Foreign Minister John Baird addresses the United Nations General Assembly.CHIP EAST/Reuters

John Baird, the Minister of Foreign Affairs, was right to forcefully argue against the resolution at the United Nations to grant the Palestinian Authority the status of a non-member observer state. Canada should not, however, close any of its lines of communications with the Palestinians, let alone penalize them by such measures as a closing of the Palestinian mission in Ottawa, which is reportedly among the ominous-sounding "available next steps" that Mr. Baird and his envoys to Israel, the PA and the UN are now considering.

Mr. Baird shares Canada's long-held view that a two-state solution to the Israeli-Palestinian conflict is eminently desirable. But Mahmoud Abbas, the president of the PA, insists on preconditions for negotiations. Meanwhile, the current Israeli government led by Benjamin Netanyahu is doing little to limit Israeli settlements in the West Bank. The upshot is a dangerous impasse.

Moreover, Hamas, which rules Gaza, has not resolved its six-year-old civil war with Fatah, which controls the PA. Half-hearted reconciliation attempts have failed.

All that leaves the Israeli and Palestinian peoples deeply entangled with each other. The PA does not have effective power over much of the territory in question. If and when there is an agreed solution, there will be agreed borders, but these are now missing. The UN resolution's assertion of the borders of 1967 is disconnected from the present reality. "Non-member observer state" sounds innocuous, but a state that is not a state is a slippery, destabilizing element in the international order.

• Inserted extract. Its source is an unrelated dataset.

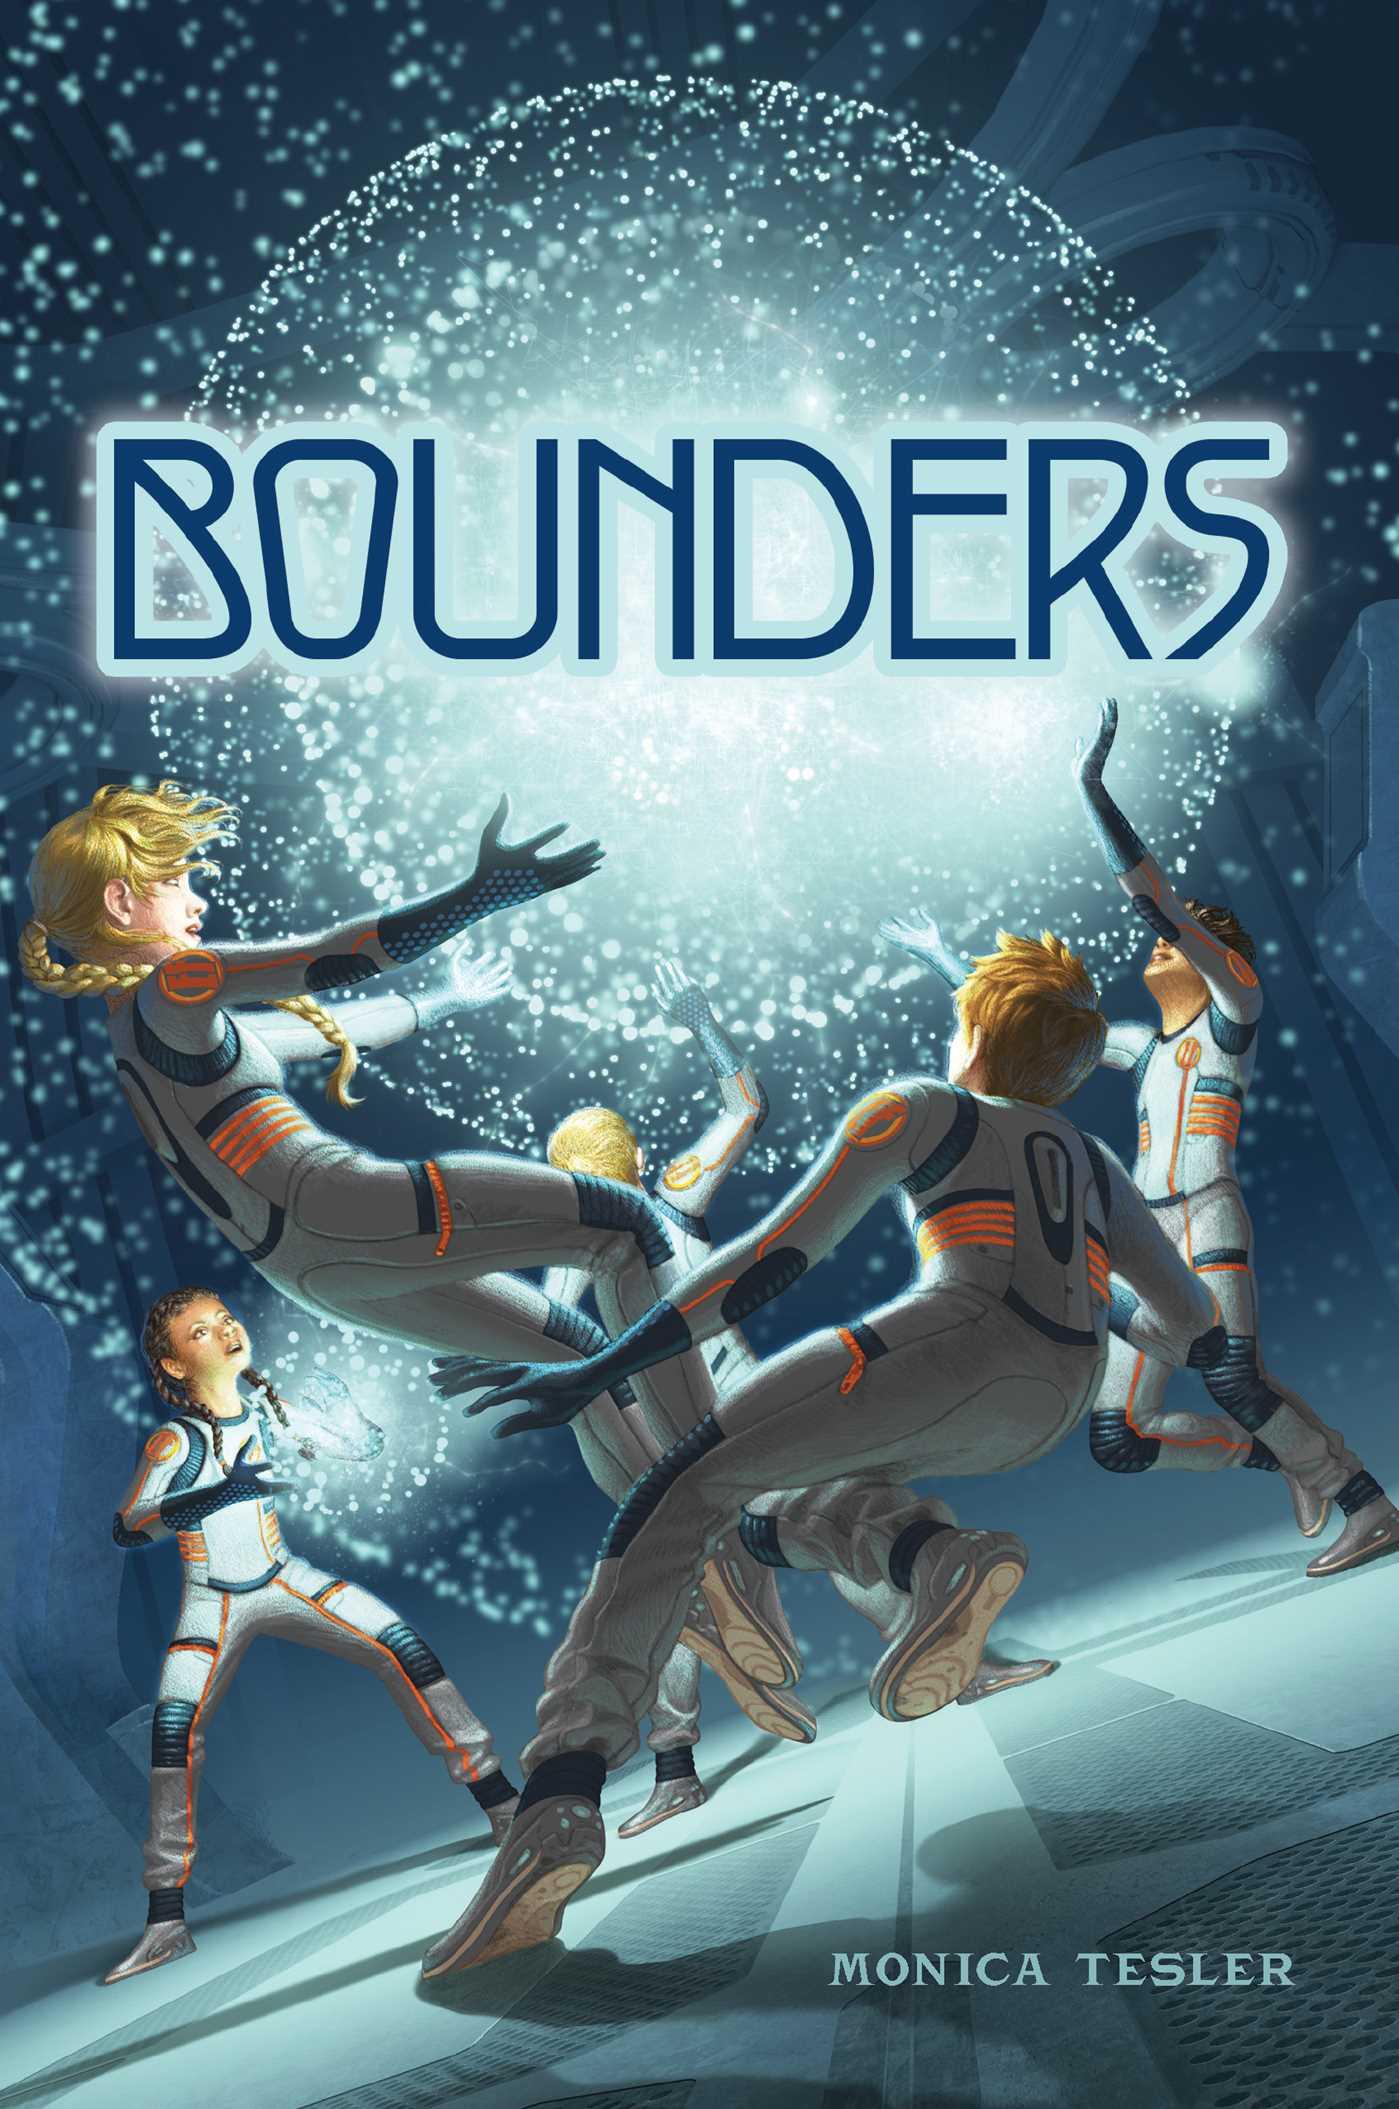 Mundie Kids Children s Book Review Blog  Author Interview     THE SPECTRUM

It is unreasonable, however, to retaliate against the Palestinians for pursuing their aspirations for statehood, which in themselves are legitimate. The PA's current method of seeking a nation-state through an artificial construct in a resolution passed at Turtle Bay, Manhattan, N.Y., is flawed, but entirely understandable.

The presence of Palestinian missions in capital cities such as Ottawa should be encouraged. All contexts for mutual persuasion should be kept open; better that than the violent alternative, which is represented by Hamas. Aid should not be reduced as a punishment.

Mr. Baird, having dramatically summoned home Canada's representatives from Tel Aviv, Ramallah and the UN, should come down from his high horse and return to the hard, slow work of fostering progress toward a two-state solution.